Les entreprises japonaises devront désormais offrir une évaluation du stress à leurs employés

Workers wait for the train home.

Un travailleur japonais attend son train pour rentrer après une longue journée au bureau. Photo de tokyoform sur Flickr.

Dans le contexte de la progression des problèmes de santé mentale liés au travail, le gouvernement japonais a révisé sa loi pour forcer les entreprises à offrir une « évaluation du stress » annuelle à leurs employés. Cette évaluation optionnelle s’ajoutera aux visites médicales annuelles que les entreprises sont déjà dans l’obligation de fournir.

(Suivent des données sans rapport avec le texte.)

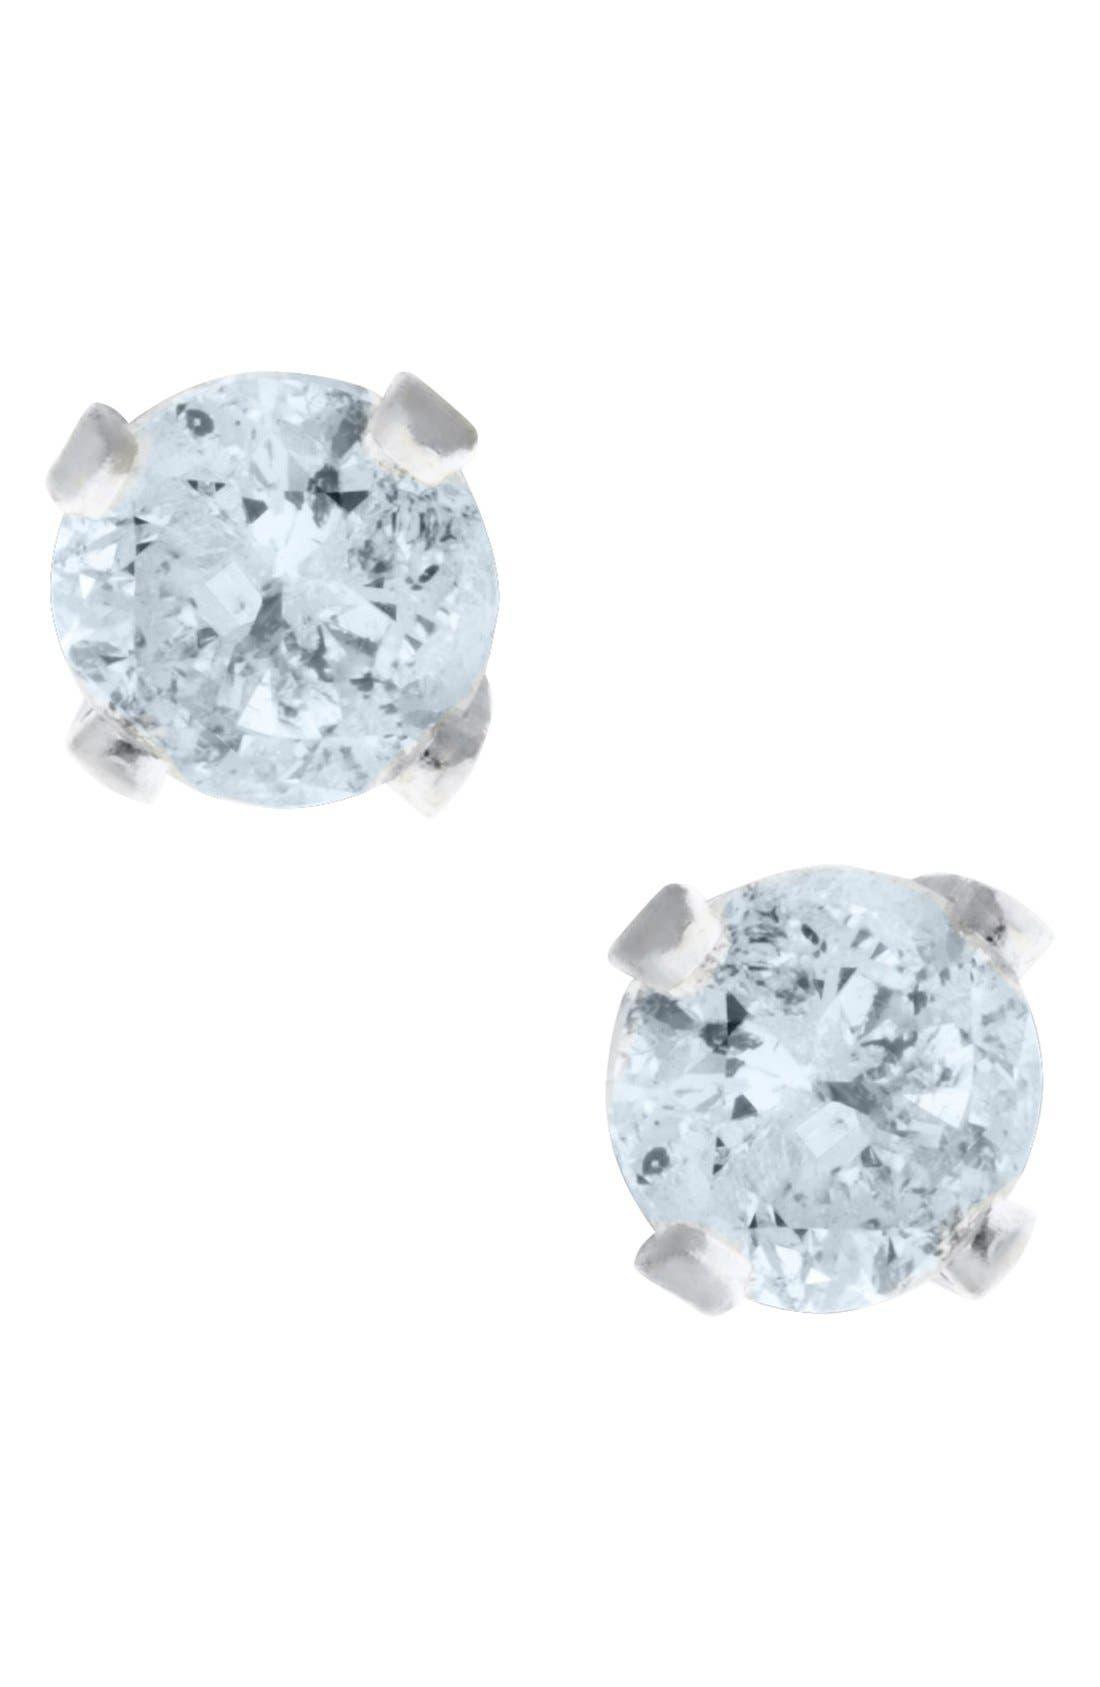 14k White Gold & Diamond Stud Earrings,                         Main,                         color, SILVER

L’évaluation du stress arrivera sous la forme d’un questionnaire à choix multiples de 57 questions. Il inclut des propositions telles que « J’ai une grande quantité de travail à faire » et « Je suis épuisé. » Ceux qui passeront l’évaluation ont le choix entre quatre réponses allant de « tout à fait » à « pas du tout. » Les employés sont encouragés à passer le test, bien que ce ne soit pas obligatoire.

Le but de l’évaluation

Comme l’a rapporté Yahoo News Japan, les évaluations du stress ont été introduites en réponse à la récente poussée des problèmes de santé mentale, dans le but de prévenir des maladies comme la dépression.

 うつ病の患者数も00年以降、大幅に増加している。[厚生労働省]は労働安全衛生法の一部を改正して企業にストレスチェックを義務付けた。50人以上の事業所では15年12月から毎年1回、医師や保健師による検査の実施が必要になった。ストレスが高い場合は医師の面接を受けて助言してもらうなど、メンタルヘルス不調を未然に防止する仕組みだ。

Le nombre de cas de dépression a sévèrement augmenté depuis 2000. Le ministère de la santé et de la sécurité sociale a révisé la loi sur la sécurité et la santé au travail pour forcer les entreprises de plus de 50 employés à offrir une évaluation annuelle du stress, qui devra être conduite par des médecins ou des infirmières de santé au travail à compter de décembre 2015. En faisant parler les employés au médecin, l’initiative vise à prévenir les problèmes de santé mentale au plus tôt.

A salaryman crosses the street

Un salarié traverse la rue. Photo de tokyoform sur Flickr.

Entreprises prises au dépourvu

Alors que la fin du mois de novembre marque la date limite pour la première évaluation annuelle, beaucoup d’entreprises restent à la traîne. TBS News rapporte :

 最初の期限は今月末までで、厚労省はパソコン用の無料ソフトを提供していますが、従業員1000人未満の企業で実施した割合は3割前後にとどまっているという民間の調査結果も出ています。

Avec la date limite à la fin du mois se rapprochant de plus en plus, le ministère de la santé a fourni aux entreprises des logiciels gratuits pour les aider à instaurer les évaluations du stress, mais d’après une étude conduite par une organisation privée, seules 30% des entreprises de moins de 1000 employés ont instauré ces évaluations à ce jour.

Les évaluations du stress serviront-elles à quelque chose ?

Car celles-ci n'étant pas obligatoires, certains employés pourraient être réticents à se soumettre aux évaluations, et même si les médecins conduisant les entretiens peuvent donner à l’employeur des conseils inspirés des résultats (qui restent confidentiels), il ne tient qu’aux entreprises de créer de meilleurs environnements de travail.

Certains utilisateurs de Twitter se sont même plaints que, assez paradoxalement, le test en lui-même était stressant.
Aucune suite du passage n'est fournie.